The HALC algorithm’s capability to stabilize voltage during sudden voltage sags and swells was assessed over a 5 s simulation, as presented in Figure 8 and Figure 9. Figure 8 captures the system’s voltage response when a disturbance is introduced: a voltage swell to 1.2 pu lasting 0.2 s followed by voltage sag to 0.85 pu for another 0.2 s. The HALC algorithm responded within milliseconds, swiftly restoring voltage to its nominal value. Figure 9 plots the voltage deviation over time, highlighting HALC’s ability to limit deviations below 2%, outperforming MPC-only and RL-only controllers. The results reveal overshoot ≤ 2% and faster settling times for the HALC algorithm, demonstrating its enhanced disturbance rejection and voltage stabilization performance under transient conditions.
Figure 10 illustrates the comparative voltage error profiles for reinforcement learning (RL), Model Predictive Control (MPC), and the proposed Hybrid Adaptive Learning Control (HALC) strategy over a simulation duration of 30 s. The RL controller (yellow curve) exhibits an initial positive voltage error of approximately 0.1 pu and demonstrates slow convergence characterized by persistent oscillations before approaching a steady-state value slightly above zero. This behavior highlights the inherent limitation of RL in achieving rapid correction due to its reliance on iterative learning and adaptation over time. In contrast, the MPC controller (blue curve) presents a negative initial voltage error of approximately −0.15 pu, followed by a gradual reduction of error towards zero. However, the steady-state error remains non-negligible, indicating that while MPC achieves a faster transient response than RL, it is constrained by model inaccuracies and lacks the adaptive capacity to eliminate residual error under dynamic grid conditions. The proposed HALC strategy (purple curve) outperforms both RL and MPC by achieving near-zero voltage error throughout the simulation period. The HALC strategy exhibits minimal initial deviation (~0.02 pu) and rapidly stabilizes, maintaining voltage regulation within tight bounds without observable overshoot or oscillations. This superior performance can be attributed to the HALC strategy’s hybrid architecture, which integrates MPC’s predictive capabilities for fast transient control with RL’s adaptive learning for long-term optimization. These results underscore the HALC algorithm’s effectiveness in delivering high voltage regulation accuracy and rapid convergence, which are critical for maintaining power quality and stability in modern grid environments with high renewable energy penetration.

5.3. Scenario 3: Grid Fault Ride-Through (FRT)

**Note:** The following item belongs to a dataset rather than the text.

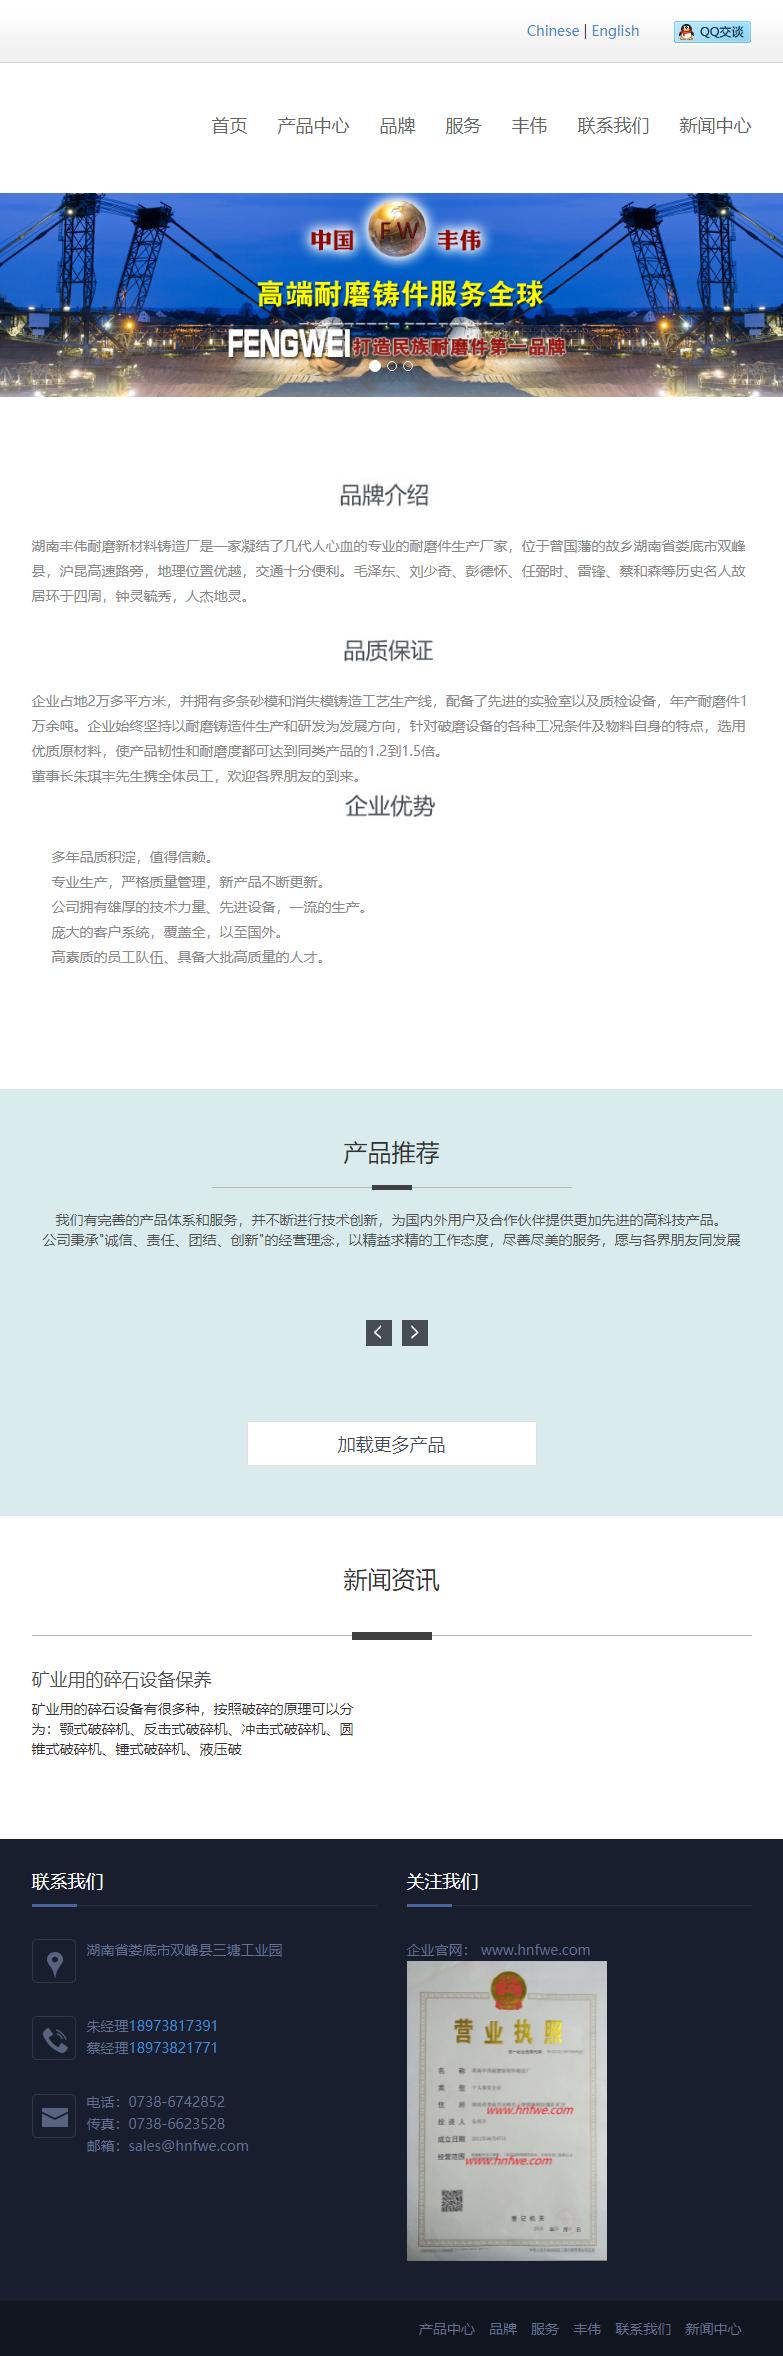 湖南丰伟耐磨新材料铸造厂网站案例

This test assessed the HALC strategy’s ability to maintain operation during grid faults, including low voltage ride-through (LVRT) and high voltage ride-through (HVRT). As shown in Figure 11, the simulation was conducted with nominal operation at 1 pu over 20 s. Fault conditions included a three-phase voltage dip to 0.1 pu and a temporary overvoltage event at 1.5 pu, each lasting 1 s. Figure 11 illustrates that HALC enables the inverter to ride through both voltage dips and swells without tripping. Compared to traditional fault ride-through (FRT) methods and MPC-only, HALC achieved voltage recovery within 200–300 ms, showing lower voltage fluctuations and superior fault-handling capability.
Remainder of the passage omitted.